Отец уверял, что будущее России в руках русского священства, и именно русскому священству сужден самой судьбой путь государственного строительства и обновленчества – и государственных реформ, и личного быта.
Для этого – по мысли отца – есть все основания. Священство – четверть населения России. Простой цифровой подсчет убеждал в серьезности этой проблемы. Составляя такую общественную группу, духовенство еще не сыграло той роли, которая ему предназначалась судьбой – дав им право исповедовать и отпускать грехи всех людей – от Петербурга до глухой зырянской деревушки, от нищего до царя.

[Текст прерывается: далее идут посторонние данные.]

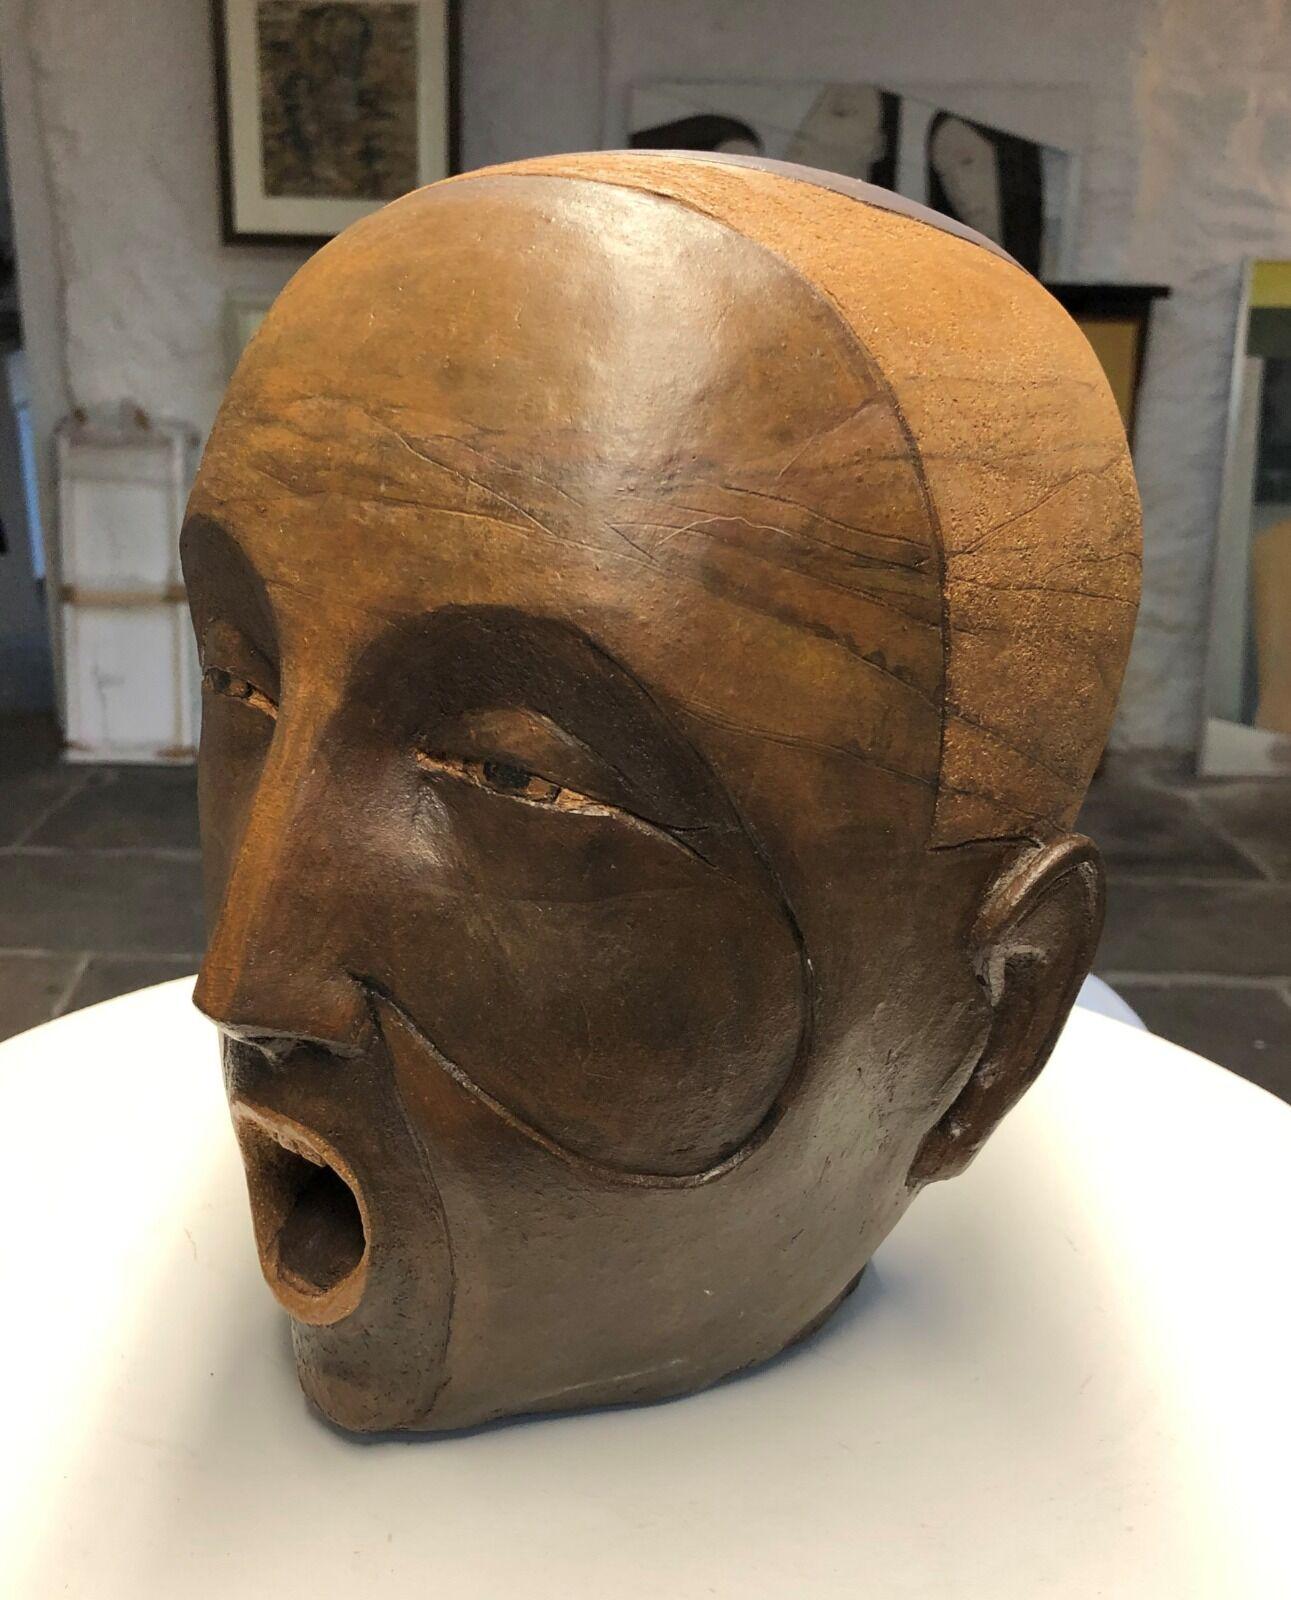 6. Two Tone Head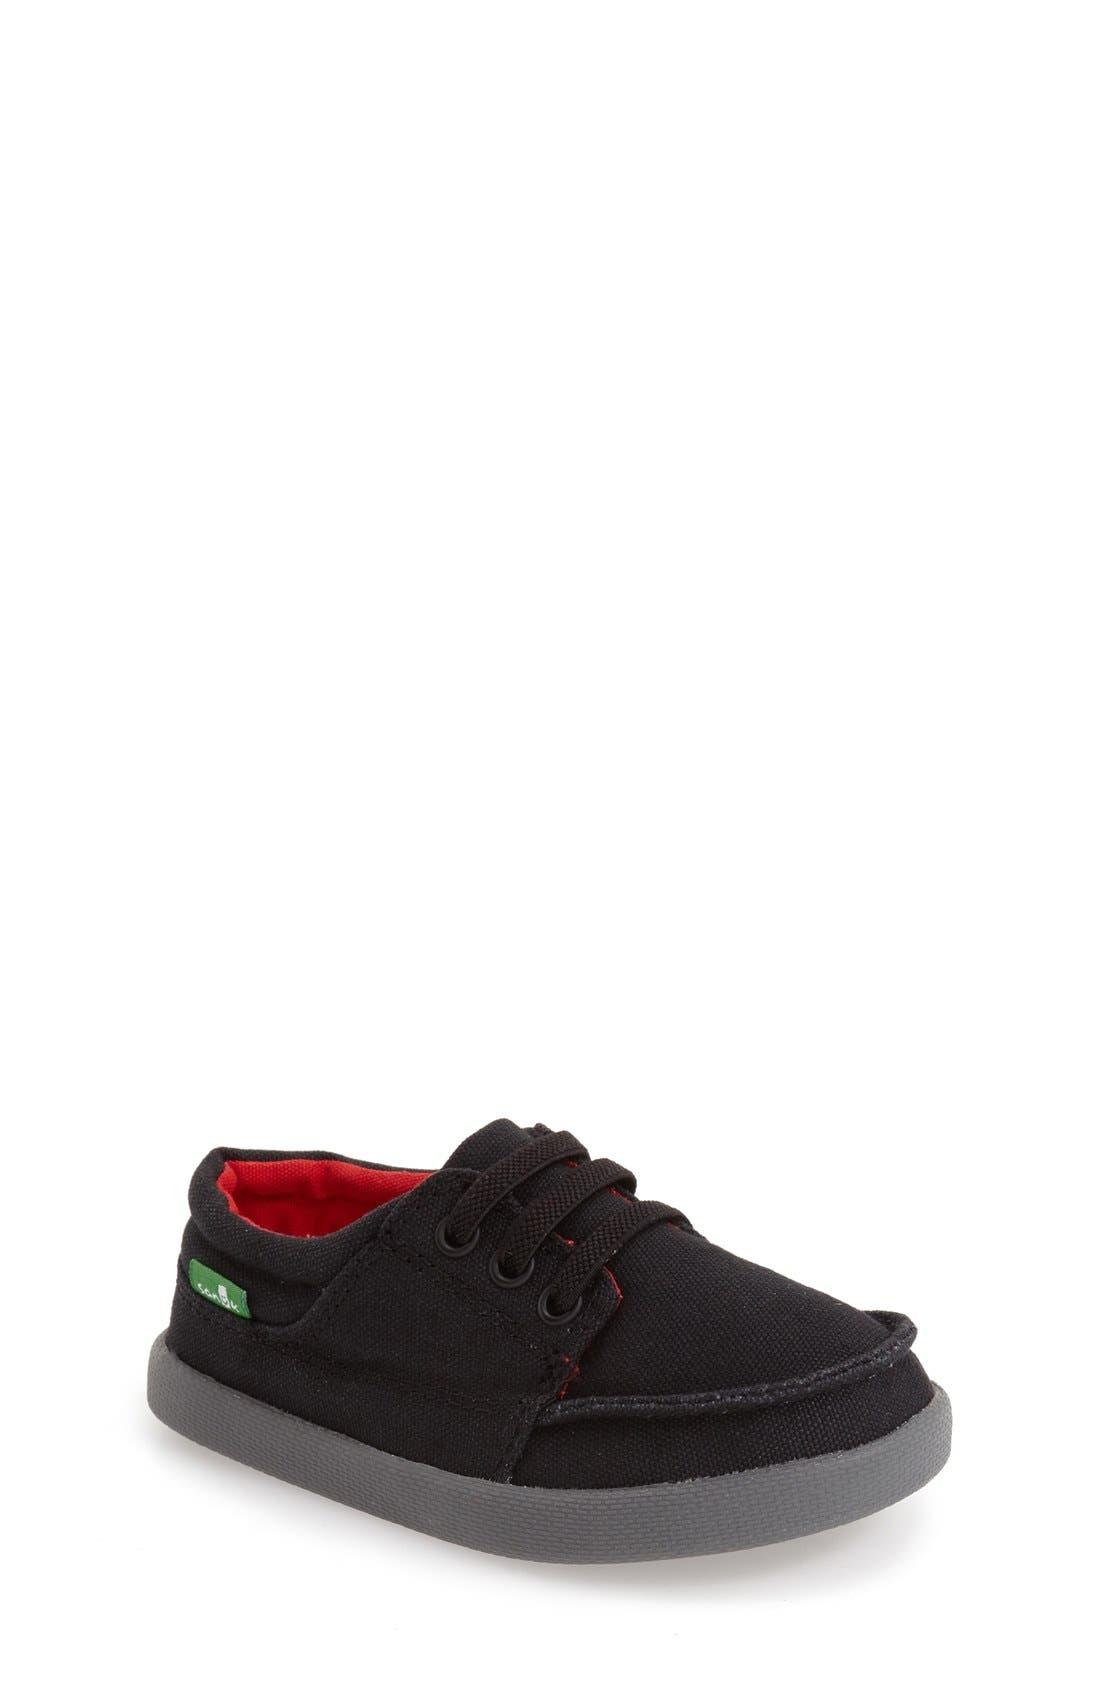 'Lil Tko' Sneaker,                         Main,                         color, Black

Никакое другое сословие не поставлено в столь благоприятные условия.
Эта близость к народу, знание его интересов начисто снимает для разночинцев проблему "интеллигенция – народ", ибо интеллигенты духовного сословия – сами народ, и никаких тайн психологии народ для них не приносит.
Это не разночинство отрицания типа Белинского, Чернышевского, Добролюбова, Кибальчича, Гапона, а разночинство созидания, типа Ключевского, Пирогова, Павлова, Булгакова, Флоренского, Григория Петрова.
Это должно быть священство мирское, светское – живущее вместе с народом, а не увлеченные ложным подвигом аскеты вроде старчества, монастырей. Монастыри – это ложный путь, как и распутинские прыжки.